# Word Salad



## Anonymity (Jul 8, 2013)

When I speak out loud around other people I get scared that what I say will make no sense. Often after I say sentence out loud without thinking about it, my heart kind of drops and I have to think about what I just said to make sure it makes sense, and the people around me were able to understand it. It is like I have the tendencies of schizophrenic in this sense, but the difference is that schizophrenic's are not aware of their non sensible sentences.

http://en.wikipedia.org/wiki/Word_salad

Anyone else get like this?


----------



## sunshinita (Aug 13, 2013)

I have that sometimes but not all the time.


----------



## meltdowner (Jan 14, 2015)

I have this sometimes but keep in mind sometimes I feel like it doesnt make sense to me because my brain is not exactly working when it makes perfect sense to other people.


----------



## *Dreamer* (Feb 18, 2014)

Anonymity said:


> When I speak out loud around other people I get scared that what I say will make no sense.
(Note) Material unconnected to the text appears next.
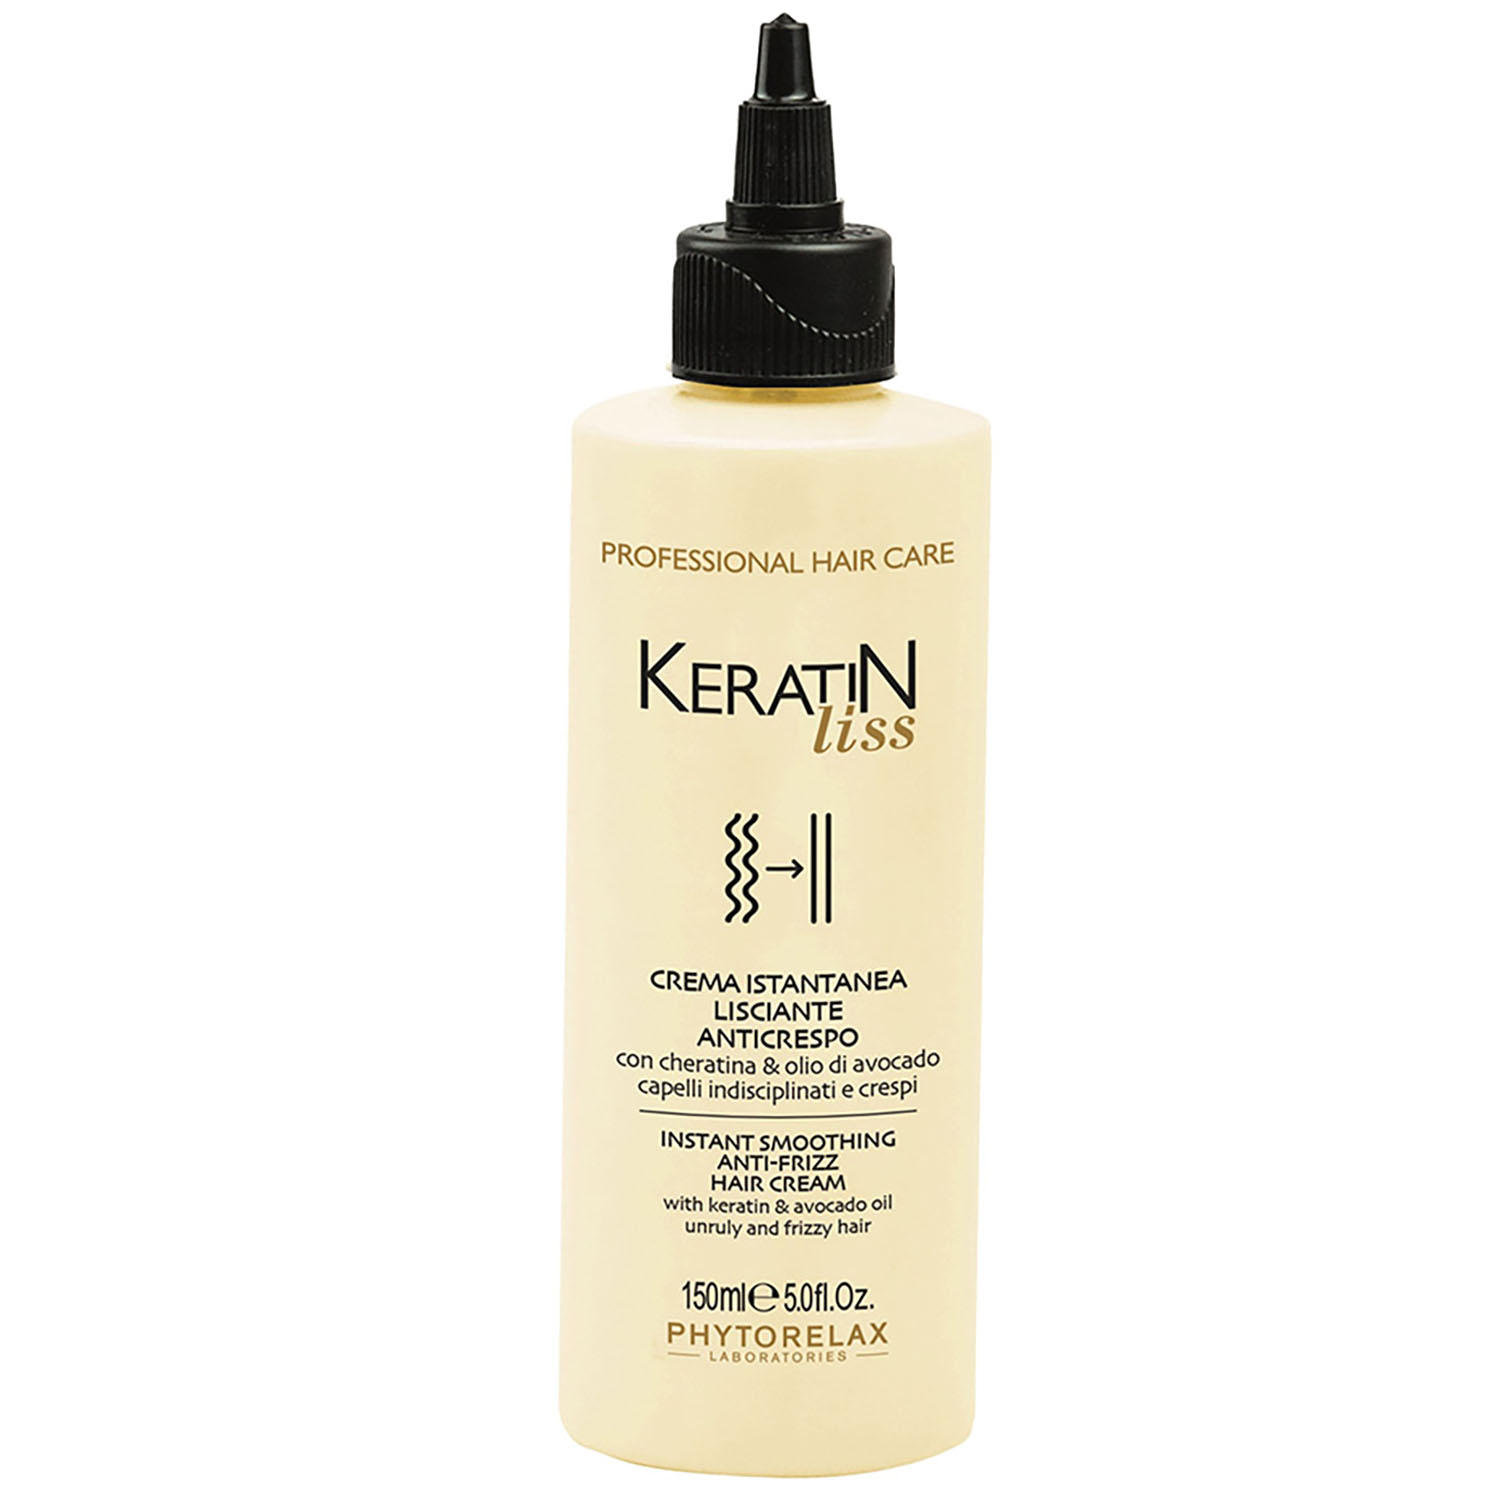 Крем Phytorelax Laboratories Keratin Liss Instant Smoothing Anti-Frizz Hair Cream для розгладження волосся 150 мл - фото 1

Often after I say sentence out loud without thinking about it, my heart kind of drops and I have to think about what I just said to make sure it makes sense, and the people around me were able to understand it. It is like I have the tendencies of schizophrenic in this sense, but the difference is that schizophrenic's are not aware of their non sensible sentences.
> 
> http://en.wikipedia.org/wiki/Word_salad
> 
> Anyone else get like this?


NO, you do not have any schizophrenia tendencies. Schizophrenia is a severe, dramatic, disorder.
*If people understand what you are saying there is no way you are speaking in a "word salad."*

Please people do not self-diagnose, or go searching the internet for terms that have nothing to do with anxiety or DP/DR, etc.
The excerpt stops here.